_Work to be completed:_
Would you copy out each line of the records below that includes the word "frontal"?

[Records from a collection]
--- START ---
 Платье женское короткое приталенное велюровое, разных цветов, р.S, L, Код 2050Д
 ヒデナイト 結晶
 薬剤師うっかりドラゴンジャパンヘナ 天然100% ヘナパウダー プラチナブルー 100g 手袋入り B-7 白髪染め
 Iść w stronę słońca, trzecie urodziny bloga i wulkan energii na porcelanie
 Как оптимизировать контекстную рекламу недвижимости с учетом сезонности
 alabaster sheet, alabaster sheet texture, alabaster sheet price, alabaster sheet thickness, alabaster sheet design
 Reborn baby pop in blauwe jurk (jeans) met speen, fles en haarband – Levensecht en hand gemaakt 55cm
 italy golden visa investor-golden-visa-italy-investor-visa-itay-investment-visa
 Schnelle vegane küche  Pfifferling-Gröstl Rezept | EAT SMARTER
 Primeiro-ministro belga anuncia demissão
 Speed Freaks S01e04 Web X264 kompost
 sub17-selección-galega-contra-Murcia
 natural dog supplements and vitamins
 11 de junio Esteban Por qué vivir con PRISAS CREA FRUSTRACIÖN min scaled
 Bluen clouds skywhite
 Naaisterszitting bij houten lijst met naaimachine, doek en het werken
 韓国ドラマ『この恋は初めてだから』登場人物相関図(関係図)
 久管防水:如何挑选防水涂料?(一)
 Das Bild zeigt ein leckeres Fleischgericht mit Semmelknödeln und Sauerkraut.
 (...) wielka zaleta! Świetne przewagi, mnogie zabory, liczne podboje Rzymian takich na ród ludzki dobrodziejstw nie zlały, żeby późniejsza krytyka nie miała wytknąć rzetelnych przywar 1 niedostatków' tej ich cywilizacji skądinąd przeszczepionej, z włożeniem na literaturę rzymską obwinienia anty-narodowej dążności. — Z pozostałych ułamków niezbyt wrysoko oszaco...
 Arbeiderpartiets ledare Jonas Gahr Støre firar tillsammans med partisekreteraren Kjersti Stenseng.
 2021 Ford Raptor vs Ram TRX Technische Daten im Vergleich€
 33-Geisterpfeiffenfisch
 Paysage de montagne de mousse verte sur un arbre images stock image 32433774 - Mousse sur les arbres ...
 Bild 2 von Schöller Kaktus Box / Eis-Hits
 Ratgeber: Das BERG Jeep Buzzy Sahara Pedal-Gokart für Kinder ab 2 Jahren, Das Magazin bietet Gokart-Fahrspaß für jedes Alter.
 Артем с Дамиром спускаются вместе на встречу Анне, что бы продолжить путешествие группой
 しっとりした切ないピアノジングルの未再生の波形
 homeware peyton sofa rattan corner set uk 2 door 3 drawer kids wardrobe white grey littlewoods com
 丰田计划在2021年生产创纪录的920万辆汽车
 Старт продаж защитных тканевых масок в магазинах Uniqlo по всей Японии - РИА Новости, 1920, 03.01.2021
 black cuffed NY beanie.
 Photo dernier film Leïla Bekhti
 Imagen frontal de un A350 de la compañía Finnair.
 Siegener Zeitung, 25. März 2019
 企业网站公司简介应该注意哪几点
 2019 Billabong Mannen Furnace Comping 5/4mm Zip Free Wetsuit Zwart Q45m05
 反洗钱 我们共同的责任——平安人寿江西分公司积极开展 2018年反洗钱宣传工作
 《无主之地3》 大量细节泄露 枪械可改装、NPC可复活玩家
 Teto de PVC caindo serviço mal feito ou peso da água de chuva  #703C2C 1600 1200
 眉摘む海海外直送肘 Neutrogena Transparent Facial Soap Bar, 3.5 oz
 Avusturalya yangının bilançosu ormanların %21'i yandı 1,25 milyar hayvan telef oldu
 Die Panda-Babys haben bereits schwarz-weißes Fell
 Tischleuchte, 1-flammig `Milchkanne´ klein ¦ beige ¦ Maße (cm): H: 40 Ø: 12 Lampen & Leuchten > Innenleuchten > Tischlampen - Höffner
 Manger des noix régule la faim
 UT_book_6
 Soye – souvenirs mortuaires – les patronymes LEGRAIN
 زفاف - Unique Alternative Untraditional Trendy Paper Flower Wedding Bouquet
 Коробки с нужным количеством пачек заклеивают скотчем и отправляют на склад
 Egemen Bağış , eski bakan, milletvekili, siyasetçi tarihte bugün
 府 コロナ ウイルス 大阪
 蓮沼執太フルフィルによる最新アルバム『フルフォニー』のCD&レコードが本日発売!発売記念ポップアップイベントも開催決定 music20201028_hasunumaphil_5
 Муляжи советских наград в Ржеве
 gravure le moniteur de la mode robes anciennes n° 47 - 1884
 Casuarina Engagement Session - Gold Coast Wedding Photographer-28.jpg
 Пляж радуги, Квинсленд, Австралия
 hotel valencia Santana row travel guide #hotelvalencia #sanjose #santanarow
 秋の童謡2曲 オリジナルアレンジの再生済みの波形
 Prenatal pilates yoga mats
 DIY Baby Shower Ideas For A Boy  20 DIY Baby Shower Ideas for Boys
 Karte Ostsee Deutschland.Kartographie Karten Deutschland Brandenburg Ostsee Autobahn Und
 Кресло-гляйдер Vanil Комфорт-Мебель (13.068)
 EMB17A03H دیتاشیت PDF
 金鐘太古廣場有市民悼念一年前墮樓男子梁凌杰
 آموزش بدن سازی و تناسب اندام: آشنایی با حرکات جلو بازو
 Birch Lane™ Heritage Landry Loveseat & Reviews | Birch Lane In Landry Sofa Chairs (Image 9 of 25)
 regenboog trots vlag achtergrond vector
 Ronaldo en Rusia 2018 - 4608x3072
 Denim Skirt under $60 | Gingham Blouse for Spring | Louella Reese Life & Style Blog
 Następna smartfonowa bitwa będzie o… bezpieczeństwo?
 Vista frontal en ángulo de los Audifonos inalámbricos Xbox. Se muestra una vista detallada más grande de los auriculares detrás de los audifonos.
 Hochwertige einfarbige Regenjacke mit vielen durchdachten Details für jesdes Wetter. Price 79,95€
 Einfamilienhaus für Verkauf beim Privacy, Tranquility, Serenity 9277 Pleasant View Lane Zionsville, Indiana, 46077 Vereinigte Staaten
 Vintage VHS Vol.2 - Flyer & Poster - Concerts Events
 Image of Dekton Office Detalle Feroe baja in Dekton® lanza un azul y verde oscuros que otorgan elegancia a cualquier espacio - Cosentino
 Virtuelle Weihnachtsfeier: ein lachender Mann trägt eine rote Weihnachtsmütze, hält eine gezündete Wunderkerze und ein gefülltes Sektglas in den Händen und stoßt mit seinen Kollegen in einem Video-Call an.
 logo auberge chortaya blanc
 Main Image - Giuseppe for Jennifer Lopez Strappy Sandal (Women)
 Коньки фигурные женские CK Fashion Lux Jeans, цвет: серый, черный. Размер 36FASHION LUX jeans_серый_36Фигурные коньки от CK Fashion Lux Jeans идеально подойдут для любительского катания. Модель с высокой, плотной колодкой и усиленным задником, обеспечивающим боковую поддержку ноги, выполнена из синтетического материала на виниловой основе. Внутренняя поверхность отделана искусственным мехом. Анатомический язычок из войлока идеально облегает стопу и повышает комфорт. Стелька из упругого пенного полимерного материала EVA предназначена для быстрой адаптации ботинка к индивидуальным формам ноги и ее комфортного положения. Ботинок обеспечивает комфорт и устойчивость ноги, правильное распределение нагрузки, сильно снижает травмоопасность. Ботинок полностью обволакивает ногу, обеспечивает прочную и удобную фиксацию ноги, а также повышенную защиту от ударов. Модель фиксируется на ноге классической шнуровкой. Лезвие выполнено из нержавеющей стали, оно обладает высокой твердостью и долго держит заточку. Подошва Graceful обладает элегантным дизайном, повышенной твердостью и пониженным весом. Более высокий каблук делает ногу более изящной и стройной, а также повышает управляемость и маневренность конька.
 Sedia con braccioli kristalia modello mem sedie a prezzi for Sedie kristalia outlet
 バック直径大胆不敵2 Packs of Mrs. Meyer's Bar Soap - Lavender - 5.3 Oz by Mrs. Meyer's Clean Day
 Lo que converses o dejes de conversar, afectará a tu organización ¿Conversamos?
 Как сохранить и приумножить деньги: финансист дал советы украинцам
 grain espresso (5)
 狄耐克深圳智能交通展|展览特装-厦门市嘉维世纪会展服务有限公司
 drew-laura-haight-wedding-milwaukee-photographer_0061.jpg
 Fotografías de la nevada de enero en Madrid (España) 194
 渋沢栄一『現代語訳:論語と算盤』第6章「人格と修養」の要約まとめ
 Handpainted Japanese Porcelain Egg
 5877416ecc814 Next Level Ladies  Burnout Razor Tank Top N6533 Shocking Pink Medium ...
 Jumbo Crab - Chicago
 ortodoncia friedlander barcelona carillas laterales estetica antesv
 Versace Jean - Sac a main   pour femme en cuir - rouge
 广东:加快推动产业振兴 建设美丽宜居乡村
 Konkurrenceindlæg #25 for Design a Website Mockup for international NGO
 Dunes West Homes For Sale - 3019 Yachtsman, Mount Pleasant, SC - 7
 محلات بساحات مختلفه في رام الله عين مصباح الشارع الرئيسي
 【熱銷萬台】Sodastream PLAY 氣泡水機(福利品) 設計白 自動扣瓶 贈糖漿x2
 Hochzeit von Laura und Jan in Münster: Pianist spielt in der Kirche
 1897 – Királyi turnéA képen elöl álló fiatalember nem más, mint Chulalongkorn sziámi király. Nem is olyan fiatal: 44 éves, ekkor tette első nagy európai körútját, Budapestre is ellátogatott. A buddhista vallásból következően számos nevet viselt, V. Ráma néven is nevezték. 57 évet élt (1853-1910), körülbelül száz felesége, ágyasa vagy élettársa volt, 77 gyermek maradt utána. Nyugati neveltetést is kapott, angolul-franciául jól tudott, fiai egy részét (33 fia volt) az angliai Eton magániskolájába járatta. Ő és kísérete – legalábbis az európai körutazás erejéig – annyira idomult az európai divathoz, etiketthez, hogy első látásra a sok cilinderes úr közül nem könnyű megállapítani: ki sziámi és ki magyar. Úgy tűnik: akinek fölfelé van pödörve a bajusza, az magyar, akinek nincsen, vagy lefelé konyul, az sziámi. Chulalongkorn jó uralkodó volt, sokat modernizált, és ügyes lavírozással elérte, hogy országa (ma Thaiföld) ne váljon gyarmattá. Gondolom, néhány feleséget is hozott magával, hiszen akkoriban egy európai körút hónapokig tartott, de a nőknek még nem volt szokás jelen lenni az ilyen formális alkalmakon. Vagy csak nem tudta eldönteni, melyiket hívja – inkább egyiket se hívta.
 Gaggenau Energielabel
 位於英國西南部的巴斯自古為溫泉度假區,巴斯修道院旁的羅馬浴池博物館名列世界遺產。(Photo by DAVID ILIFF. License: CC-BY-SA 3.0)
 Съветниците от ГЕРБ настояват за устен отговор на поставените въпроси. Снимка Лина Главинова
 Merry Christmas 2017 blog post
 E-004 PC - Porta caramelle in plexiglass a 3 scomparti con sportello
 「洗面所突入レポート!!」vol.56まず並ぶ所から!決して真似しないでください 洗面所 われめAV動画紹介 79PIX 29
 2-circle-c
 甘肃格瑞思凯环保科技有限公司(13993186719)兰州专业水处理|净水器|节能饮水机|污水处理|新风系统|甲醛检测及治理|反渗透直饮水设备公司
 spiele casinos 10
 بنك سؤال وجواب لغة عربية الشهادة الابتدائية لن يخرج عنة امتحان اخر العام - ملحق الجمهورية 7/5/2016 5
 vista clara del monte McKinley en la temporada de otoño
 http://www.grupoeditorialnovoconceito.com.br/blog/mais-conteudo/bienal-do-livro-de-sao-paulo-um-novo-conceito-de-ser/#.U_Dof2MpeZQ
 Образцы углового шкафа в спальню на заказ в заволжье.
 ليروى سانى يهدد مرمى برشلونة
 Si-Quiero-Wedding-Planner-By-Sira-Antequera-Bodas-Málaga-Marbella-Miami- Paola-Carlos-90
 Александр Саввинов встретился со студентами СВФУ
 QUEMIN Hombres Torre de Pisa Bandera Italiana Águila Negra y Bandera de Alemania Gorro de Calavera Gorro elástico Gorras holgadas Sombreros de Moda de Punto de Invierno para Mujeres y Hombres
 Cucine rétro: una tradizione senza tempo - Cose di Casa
--- END ---
_Solution to this exercise:_
 Imagen frontal de un A350 de la compañía Finnair.
 Vista frontal en ángulo de los Audifonos inalámbricos Xbox. Se muestra una vista detallada más grande de los auriculares detrás de los audifonos.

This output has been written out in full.